Now that’s The Up Side of Down!
...His replacement is likely to be less reasonable, less broadly liked, and less interested in policy than the sound of their own voice. They’re likely to be someone who is desperately interested in the prestige of the office, rather than someone willing to sacrifice from their own interests to party and country.
Wow, maybe that new, lesser GOP Speaker will help push through an even bigger deficit, with even more tax cuts for the rich and shit for the poor, than Ryan did while pretending to be a deficit hawk! And when he retires Megan McArdle will come tell us that we should be nice to that guy because the GOP Speaker after him might be even worse! (Assuming, perhaps unfairly, that we ever have another GOP Speaker.)

Reaching to top of the heap seems to have inspired her. Can’t wait to see what she does next! In fact I’m kind of sorry we all Twitter-mobbed Williamson off The Atlantic — maybe by now he’d be calling to make contraception a capital crime.

UPDATE. Comments -- always worth your time -- include this insight from our old Spy/SOROB buddy Ellis Weiner:
Don't shoot me--I'm just the messenger--but I can see McMegan bidding fair to become the Peggy Noonan of the still-slightly-new century: The fake concessions to common sense. The finger-wagging lectures on responsibility and maturity. The outright lying on behalf of obvious frauds, thieves, and hypocrites. The tremulous citation of the mood of the nation. The pseudo-wise discourses on human nature and psychology that, once you actually read them, turn out to have exactly nothing to do with real people slugging it out in a world in which the rich would, if they could, bring back feudalism and ask the lower classes to thank them for it.
Well, look. Becoming the Tokyo Rose of American class warfare is a delicate and important task.

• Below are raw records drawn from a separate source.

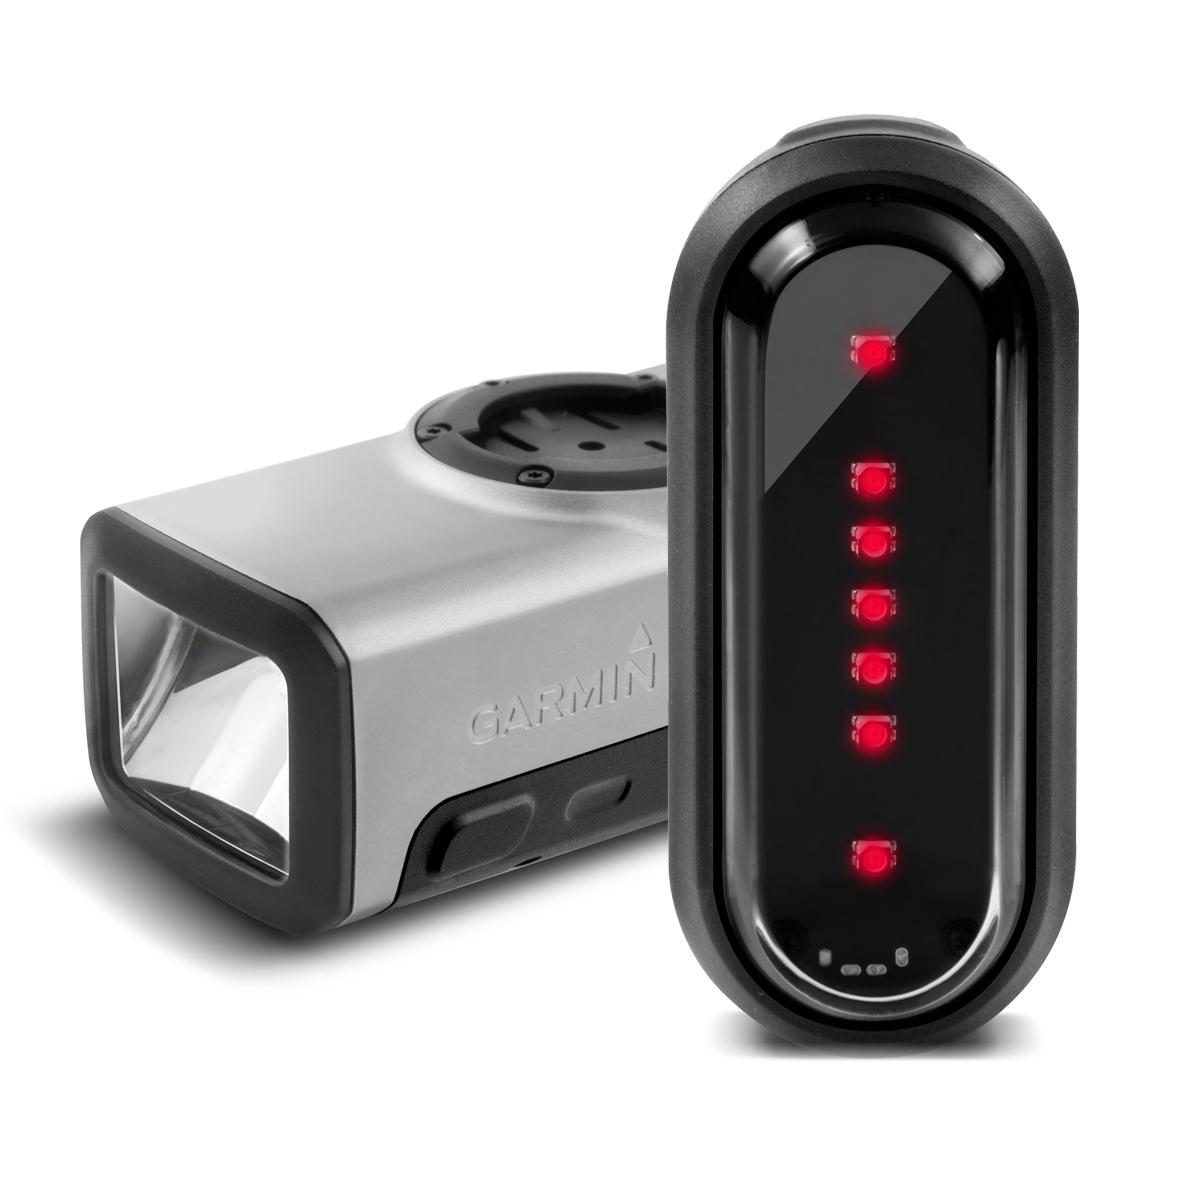 Комплект умных фонарей Garmin Varia HL 500 +TL 300. 010-01419-00010-01419-00Когда речь заходит о велопрогулках в ночное время, выбор правильных аксессуаров играет архиважную роль. Вместе с покупкой умноговелокомпьютера необходимо позаботиться и о фонарях, которые будут освещать ваш путь. Varia Smart Bike Lights - комплект велофонарей,которые пользуются огромной популярностью среди опытных спортсменов-велосипедистов, в первую очередь, благодаря своему функционалу.После синхронизации с велокомпьютером, Varia Smart Bike Lights регулируют направление и интенсивность света в зависимости от условийосвещенности, а также от вашей скорости, направляя световой поток туда, куда необходимо. А благодаря наличию умного сенсора при работе впаре с велокомпьютерами класса EDGE 1000, Varia Smart Bike Lights автоматически изменяют направление светового потока, препятствуя темсамым ослеплению встречных водителей.-Автономная работа, простота в управлении и синхронизация с велокомпьютерами семейства Edge1000.-Автоматическое изменение направления и интенсивности светового луча в зависимости от скорости велосипеда.-При синхронизации со светочувствительным сенсором компьютера EDGE1000 Varia Smart Bike Lights могут изменять яркость работы взависимости от интенсивности освещения. -Простота и удобство управления: корректировка, включение и выключение фонарей может осуществляться как непосредственно с устройства,так и дистанционно, при помощи входящего в комплект пульта.-Используя два задних фонаря, вы можете указывать направление поворота во время движения. Гид по велоаксессуарам. Статья OZON Гид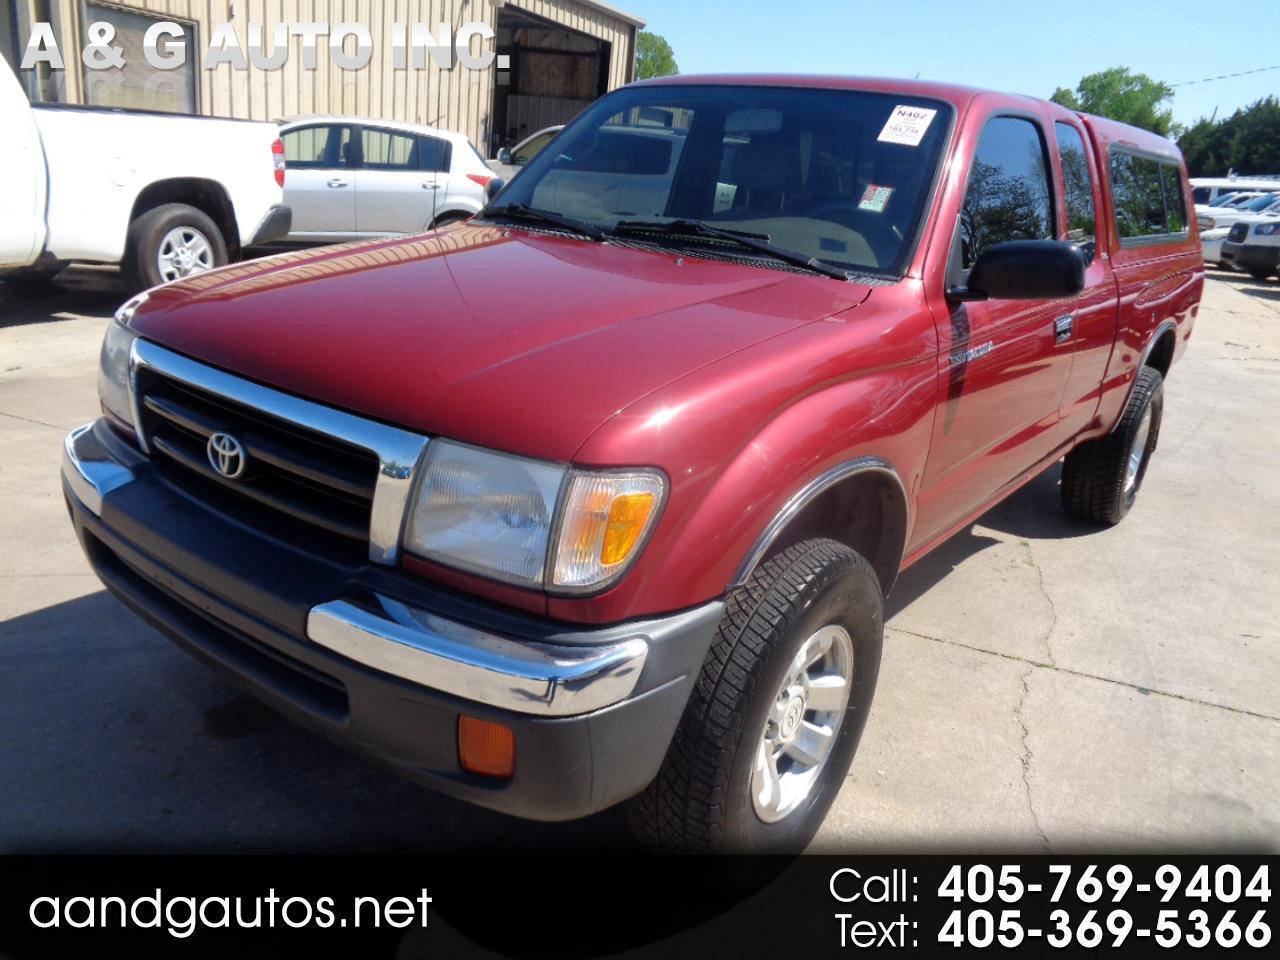 1998 Toyota Tacoma Xtracab V6 4WD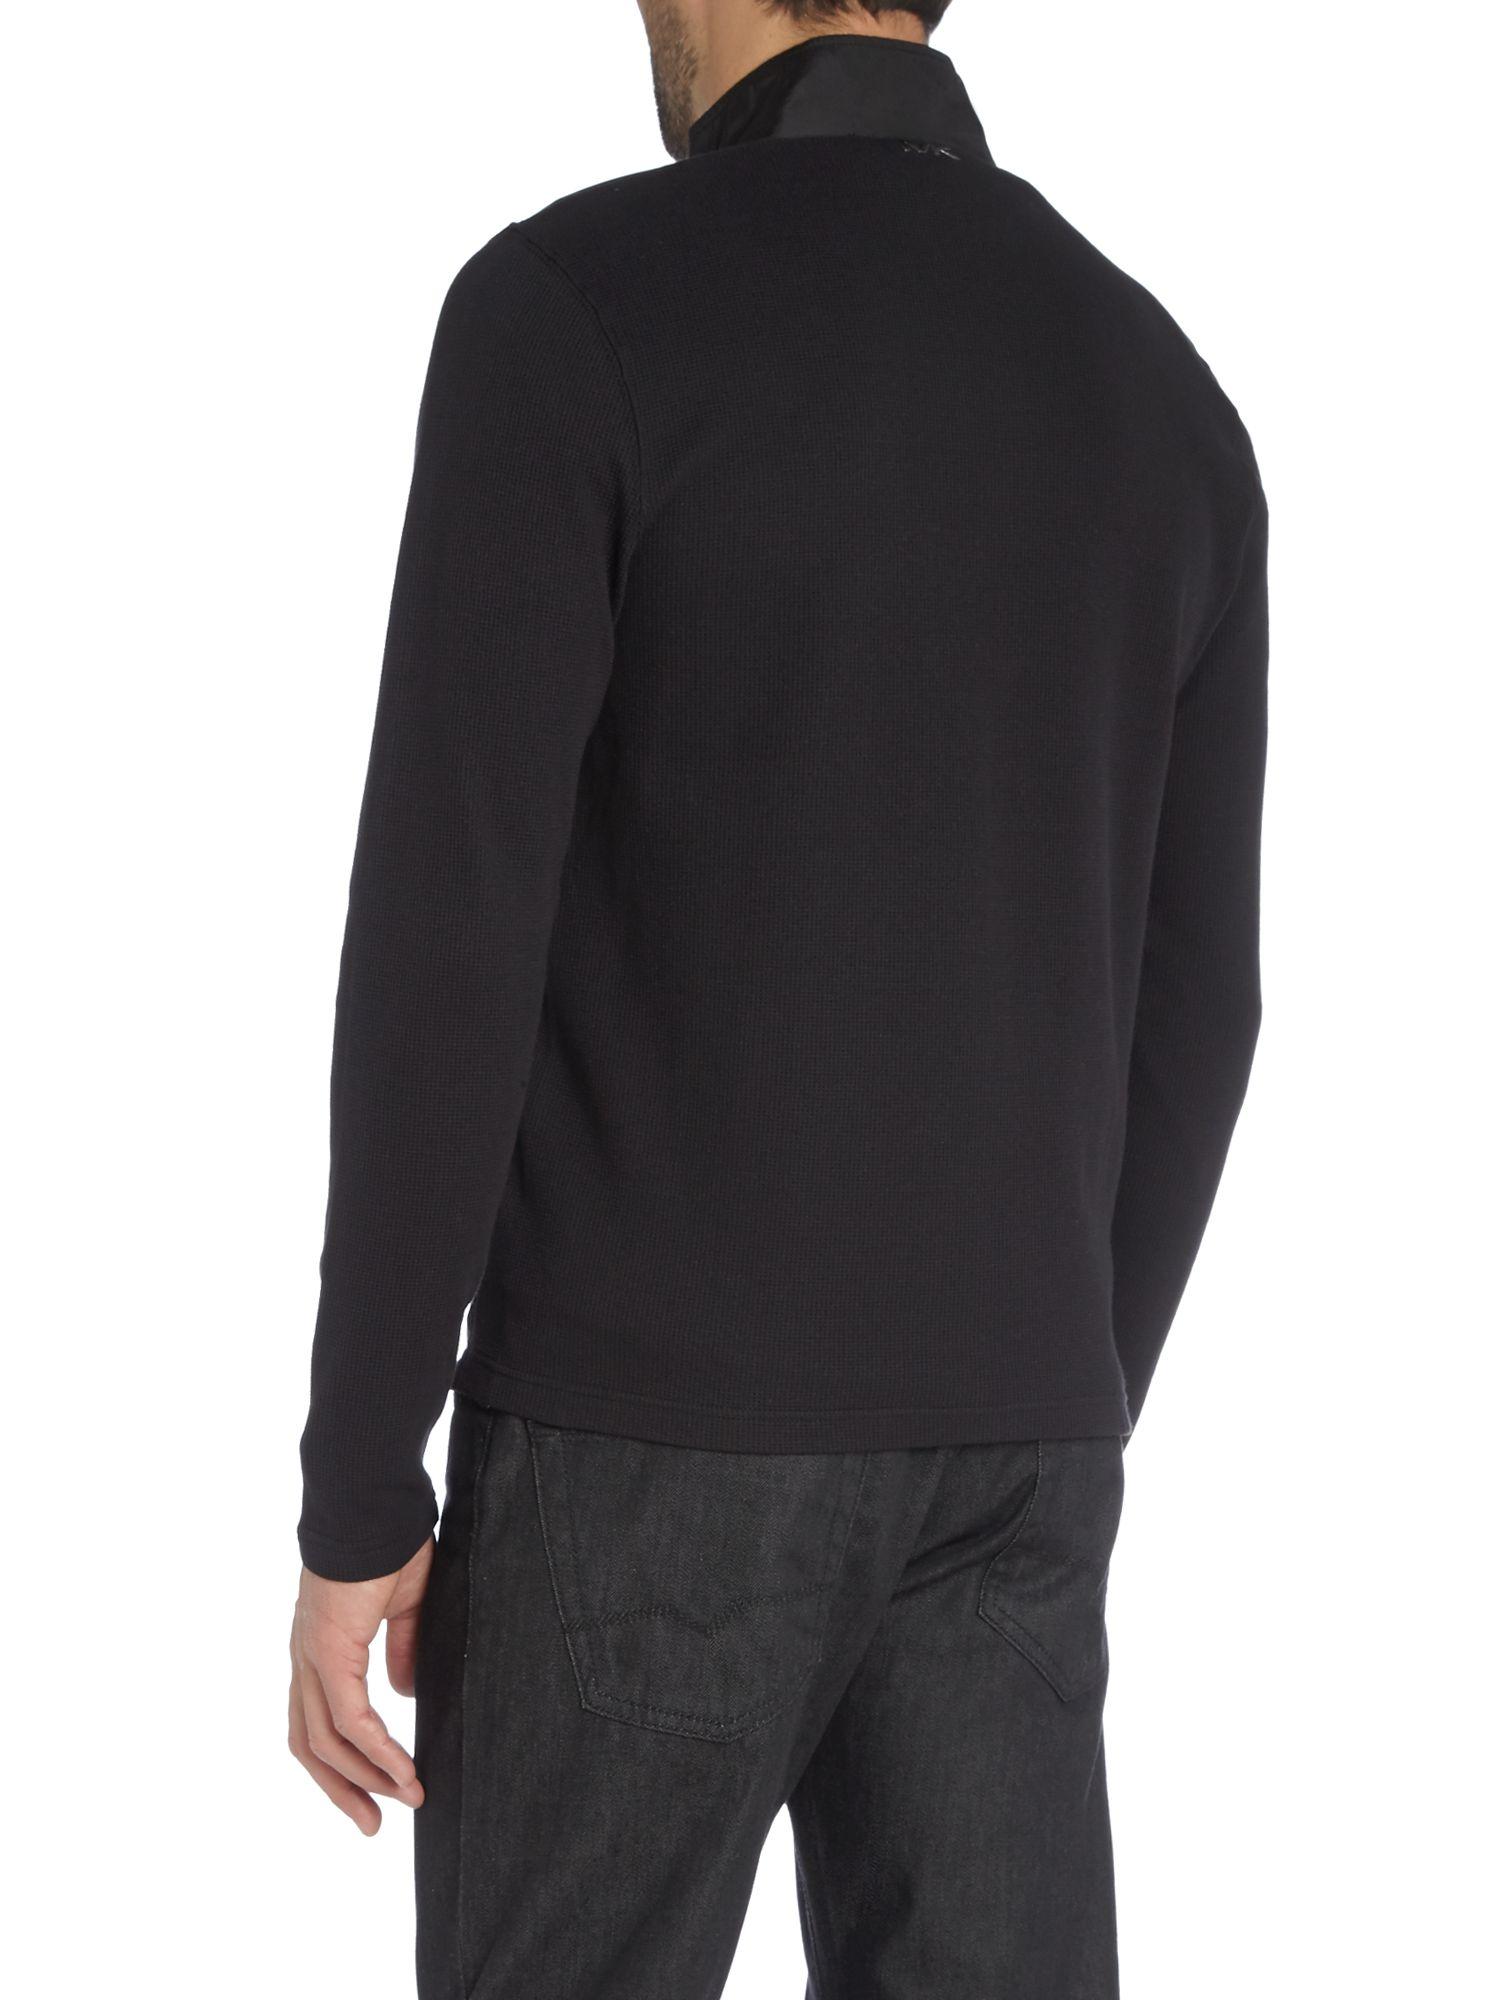 Michael Kors Zip Up Casual Bomber Jacket in Black for Men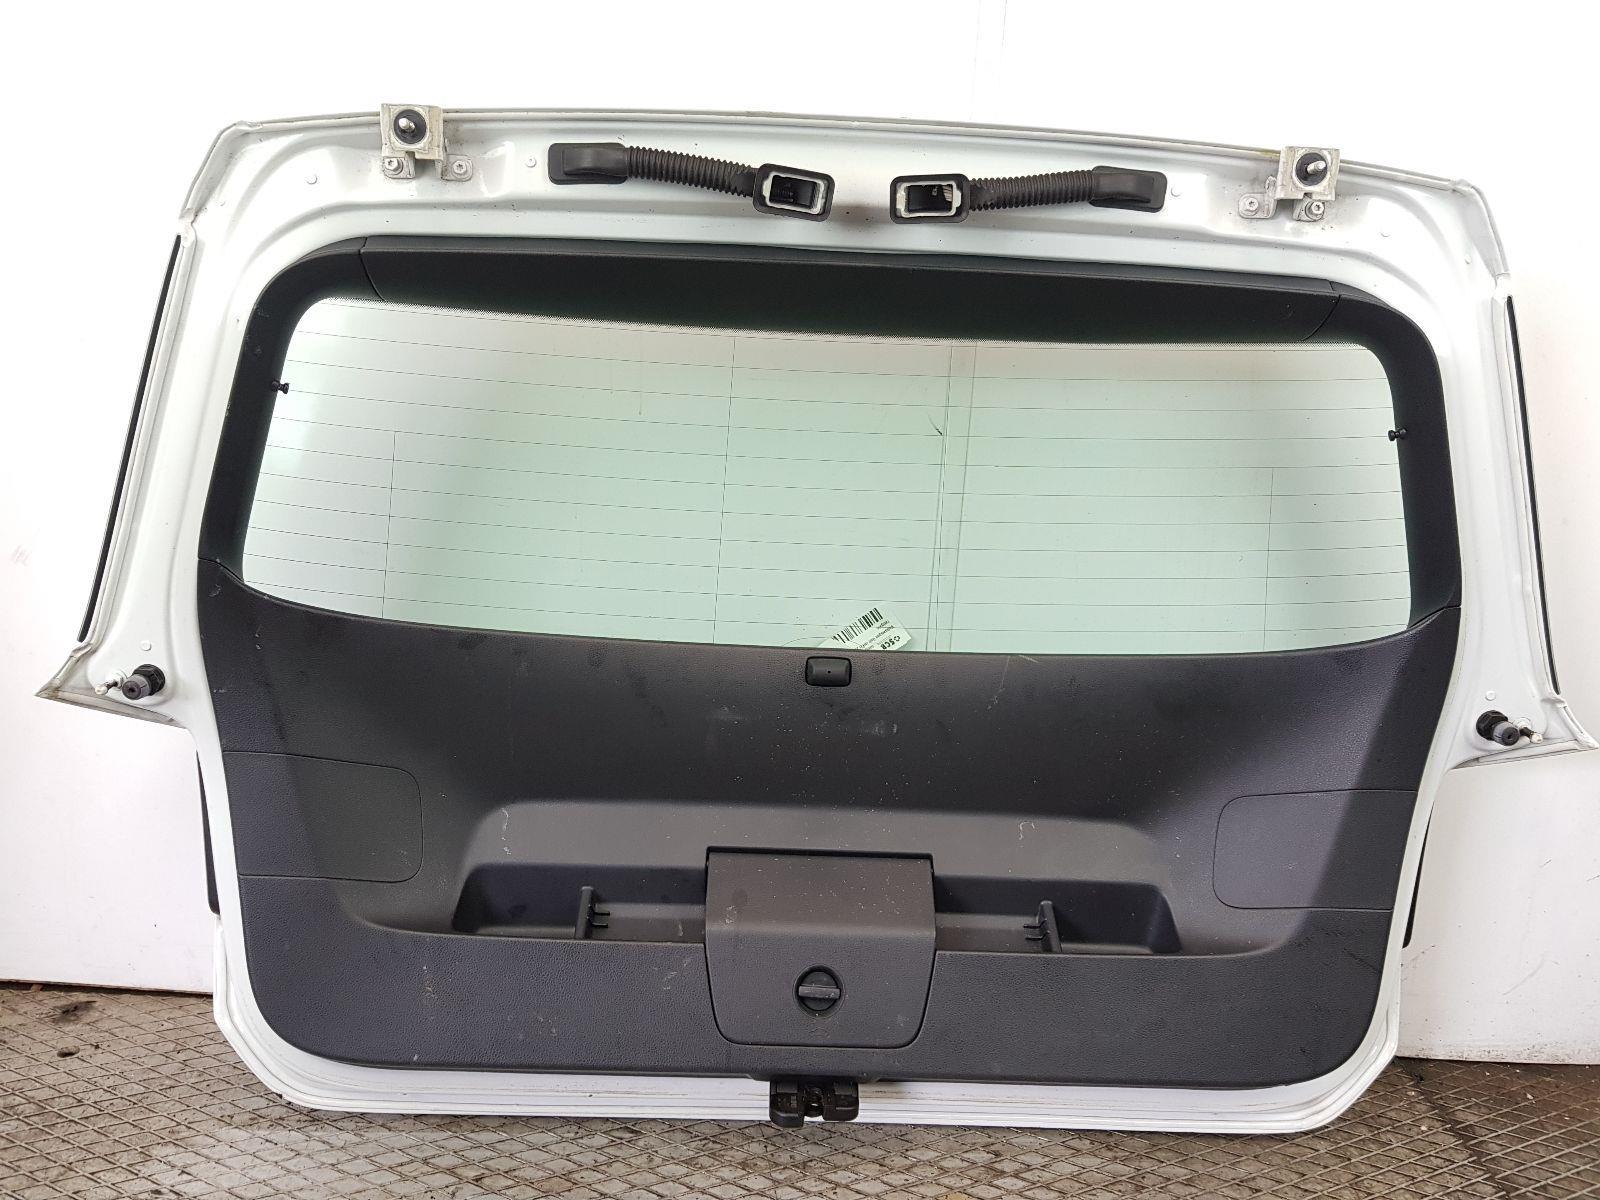 Volkswagen Golf (mk7) 2012 To 2017 Tailgate (Diesel / Manual

I take his point; McArdle's got Noonan's natural talent for passive-aggressive twaddle, and Lord knows they both have similarly bizarre notions of financial struggle.  But McArdle's going to have to pay some heavy dues before she ascends to the Tanqueray Throne: She'll have do time in the chrism-and-gin-scented sepulchre of the Crazy Jesus Lady, prostate before the Reagan effigy until, suffused with the Holy Spirit, she can summon the magic dolphins. That Pulitzer's not a walk in the park!